Incontro


Ti incontrerei sul punto piu’ alto del ponte della tua citta’ fatta di marmo e d’acqua. Ci sarebbe anche lei con te. Presentazioni, convenevoli, solite banalita’ di rito. Tu mi guarderesti negli occhi, lo so. E so anche cio’ che ci leggeresti.

Eviterei di abbracciarti, di baciarti come vorrei. Mi limiterei ad una formale stretta di mano. Magari un sorriso. Me la presenteresti ed io le direi “ciao, ho sentito molto parlare di te”.

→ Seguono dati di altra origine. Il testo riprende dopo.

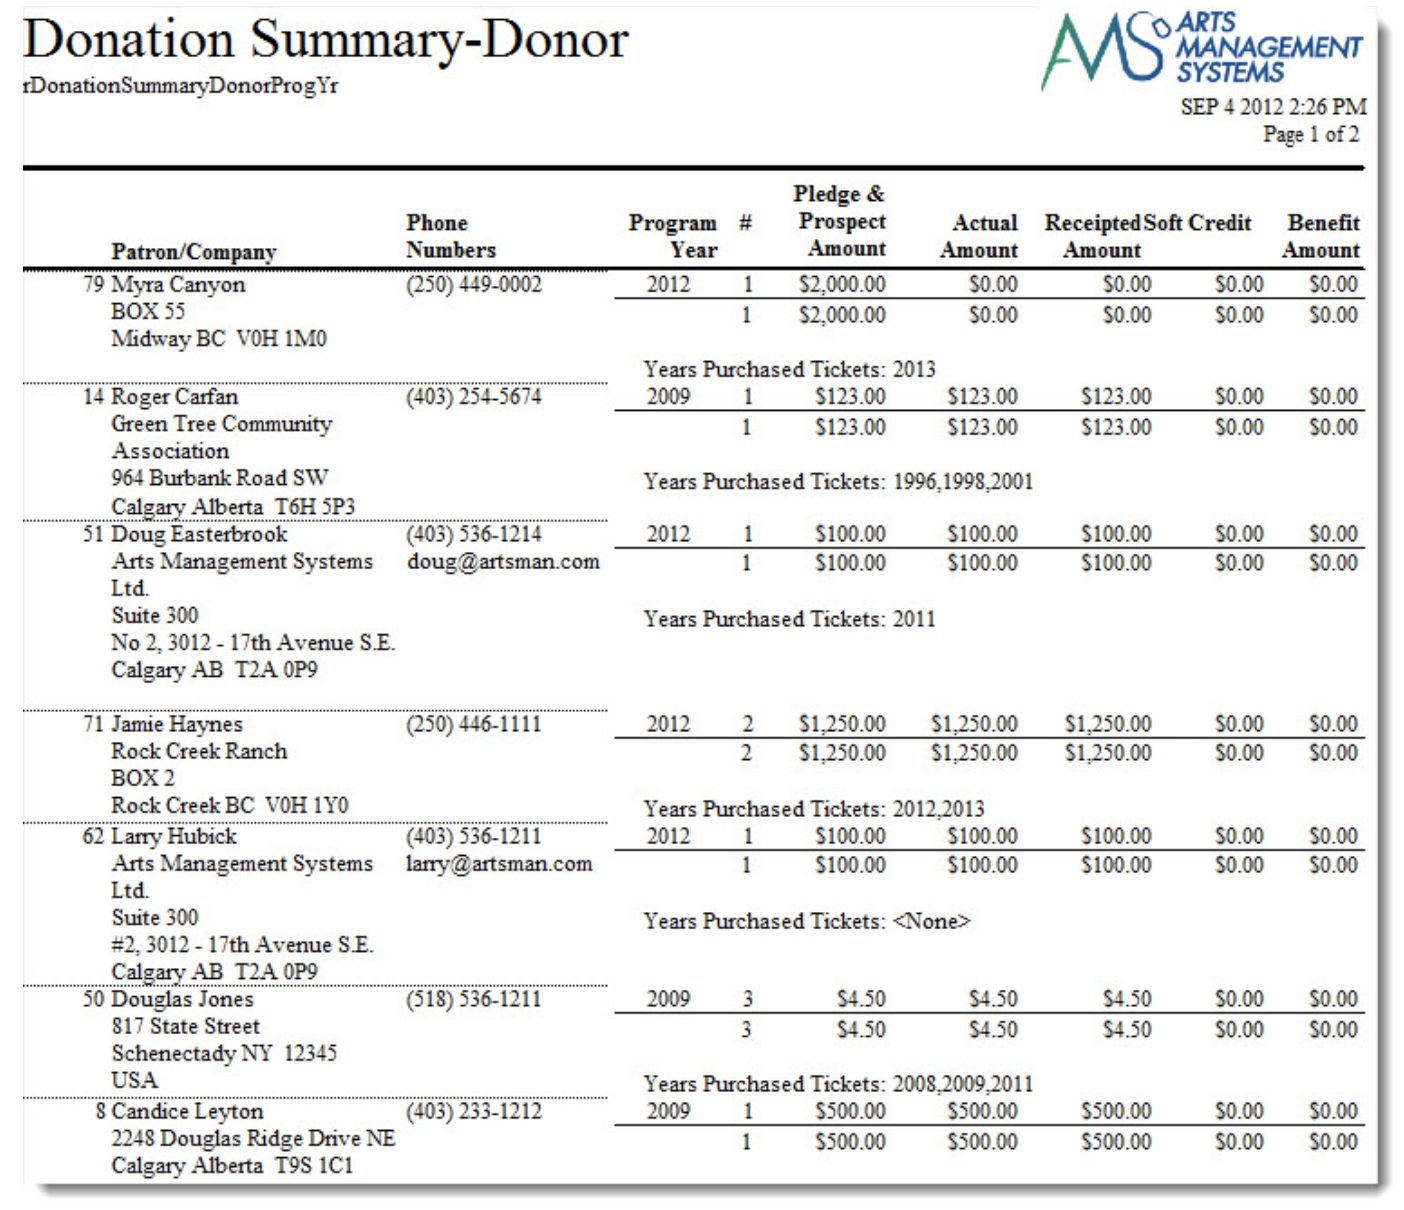 Donor Summary - Donor (Program)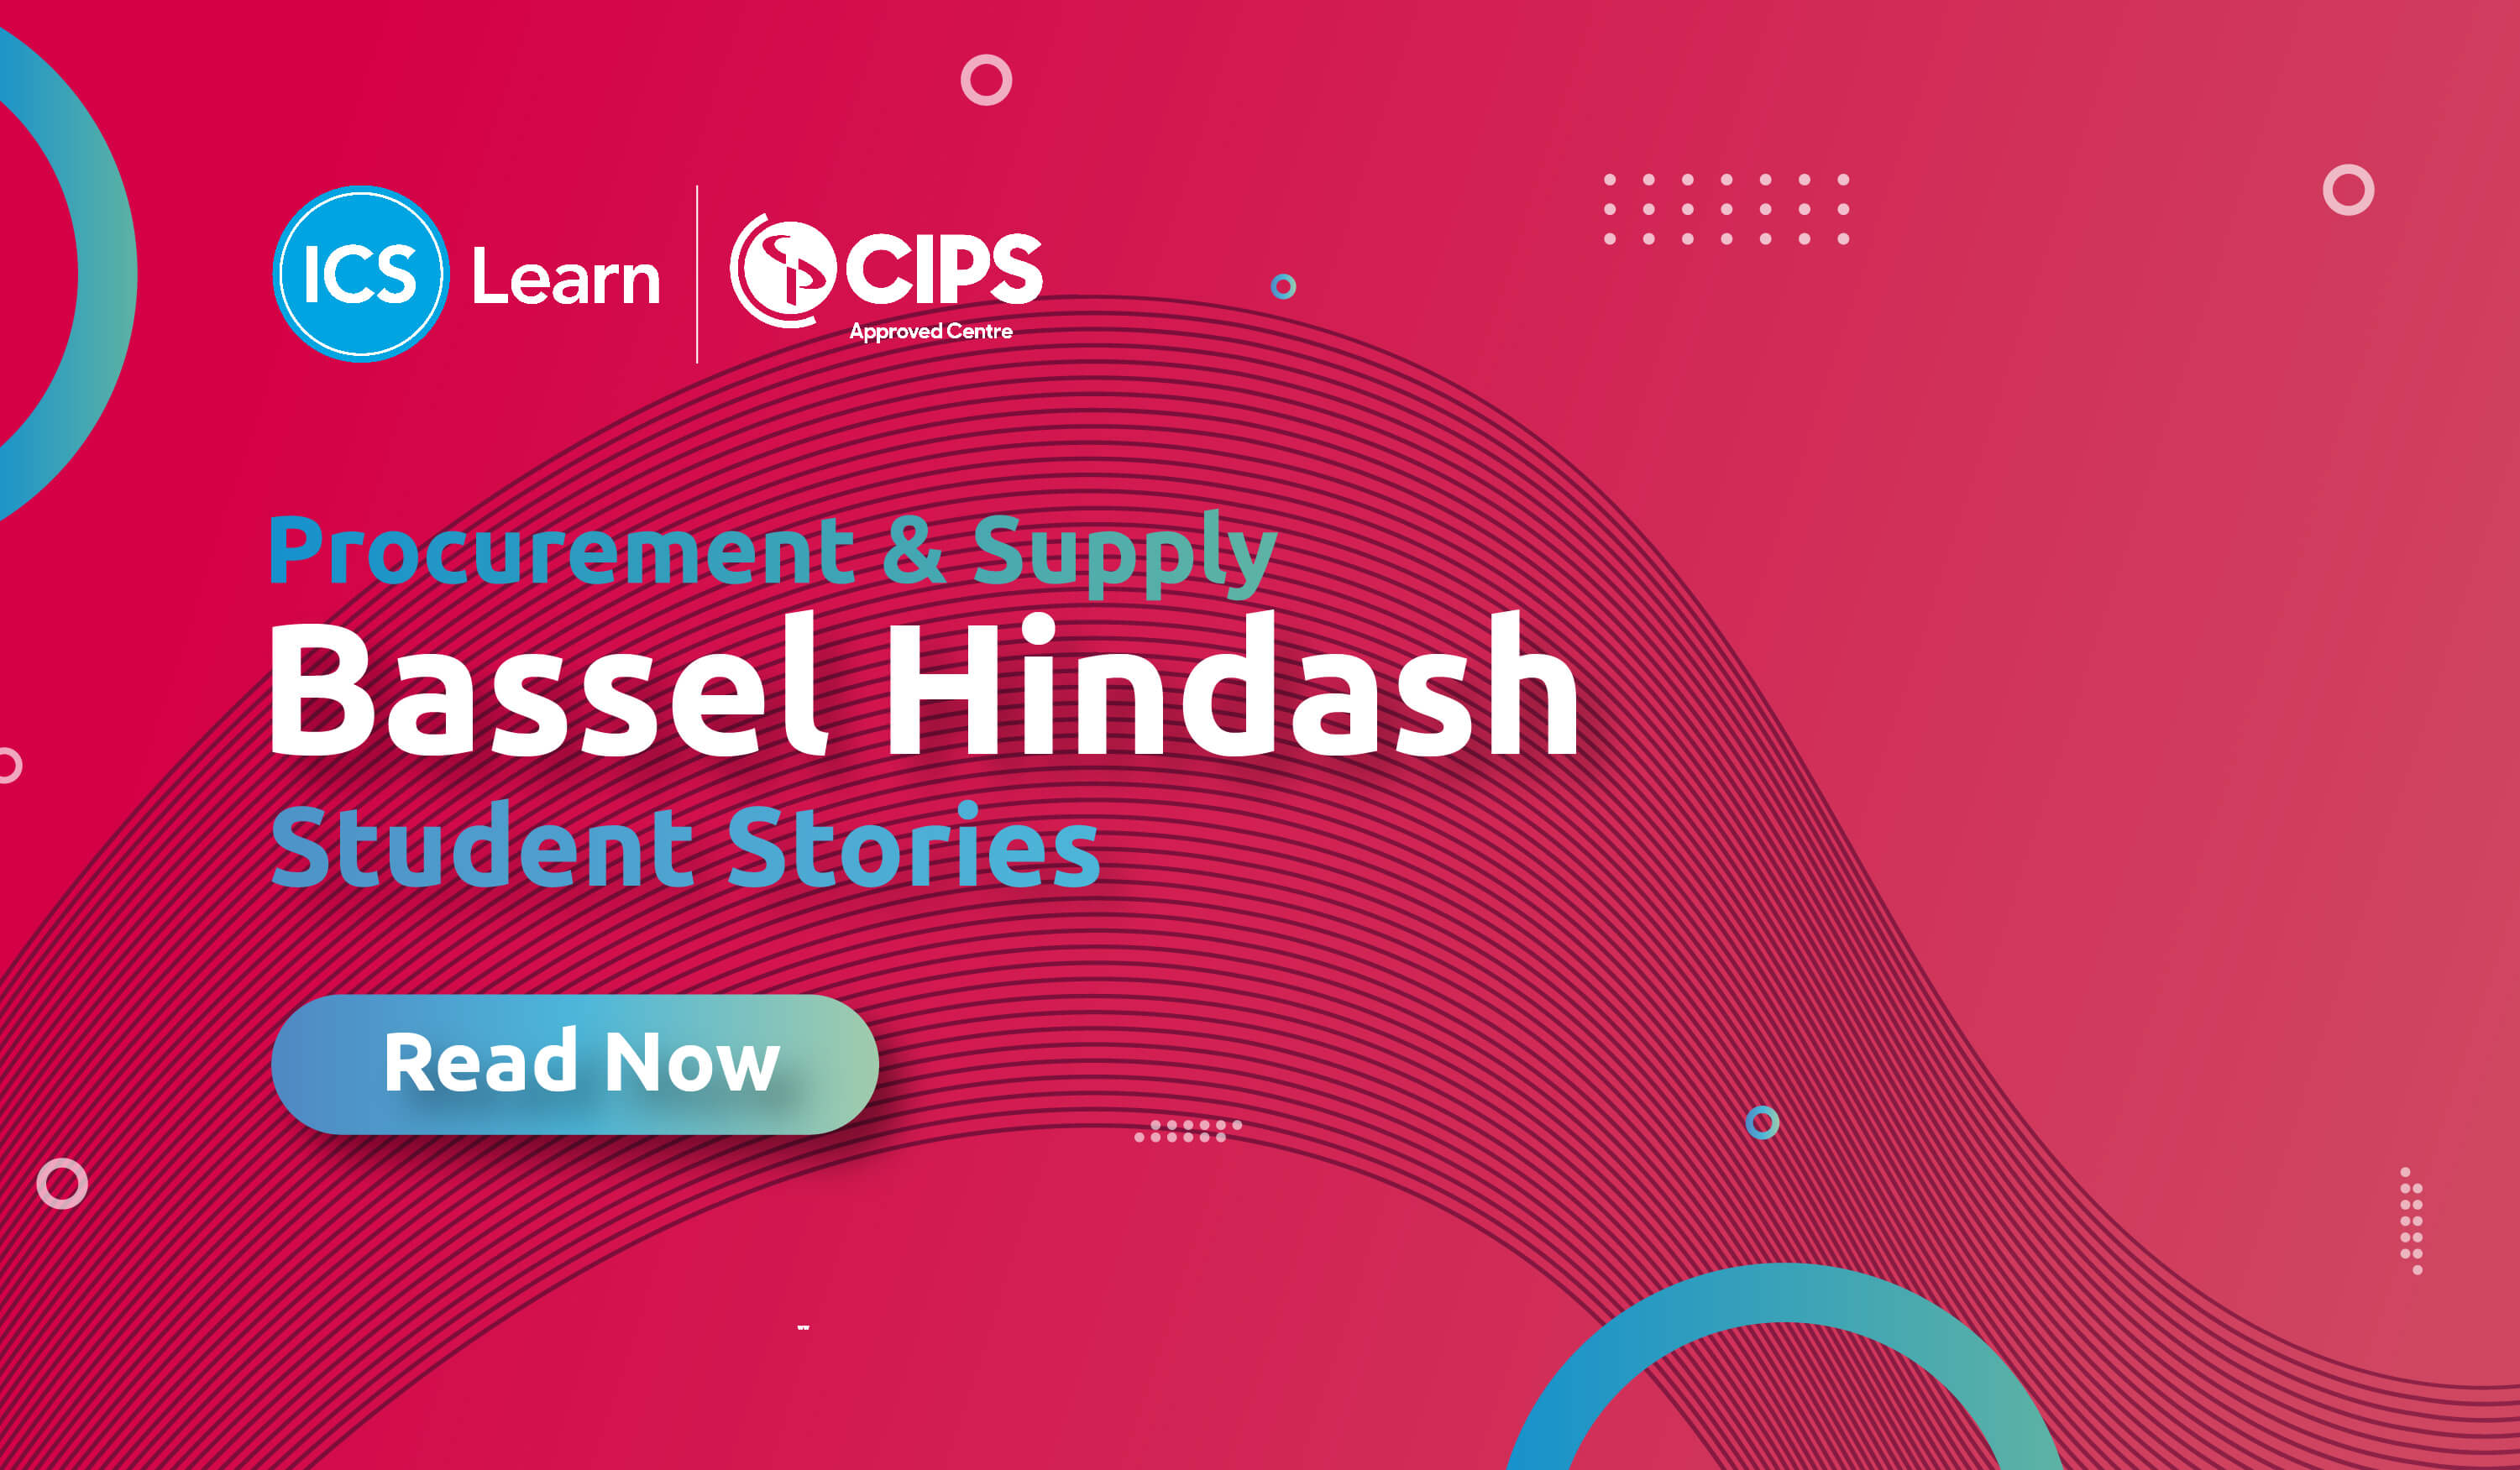 cips-student-stories-bassel-hindash-cips-level-4-review-procurement

Come stabilito andremmo a cena. Mi accorgerei di aver sopravvalutato la mia sicurezza, che avrei fatto meglio a rifiutare l’invito, ma a quel punto ormai non avrei piu’ motivi convincenti per ritirarmi. Oltre a quelli nascosti che tu sai, ma che non potrei mai confessare.

Avremmo riservato un tavolo nel posto concordato. Ti osserverei da dietro il vetro dell’indifferenza quando invece sentirei il fuoco bruciarmi dentro e sarebbe lei ad averti accanto. Sarebbe lei a sentire il tuo tepore. Solo lei potrebbe toccarti ovunque le facesse piacere.

Lei si siederebbe e tu ti accomoderesti al suo fianco. Io ti starei davanti. Ti sfiorerei distrattamente il piede e tu mi guarderesti. Ti lancerei segnali segreti attendendo una risposta. Mi toccherei la guancia. Incresperei le labbra in un tenue sorriso. Mi accomoderei i capelli.

Ad ogni gesto corrisponderebbe un messaggio. Parole oscene scritte con le dita della mente. Pensieri lascivi solleticati in un codice che solo tu sapresti interpretare. Fino a che vedrei i tuoi occhi dentro ai miei.

Scambierei il mio bicchiere con il tuo. Ci berrei per assaporarti e tu assaporeresti me dal mio. Appoggeremmo i polpastrelli delle nostre dita a quel vetro sottile, barriera cosi’ insormontabile da separare i nostri desideri. Un vetro che se solo volessimo potrebbe infrangersi proprio li’, di fronte a lei. Lei che non si accorgerebbe di niente.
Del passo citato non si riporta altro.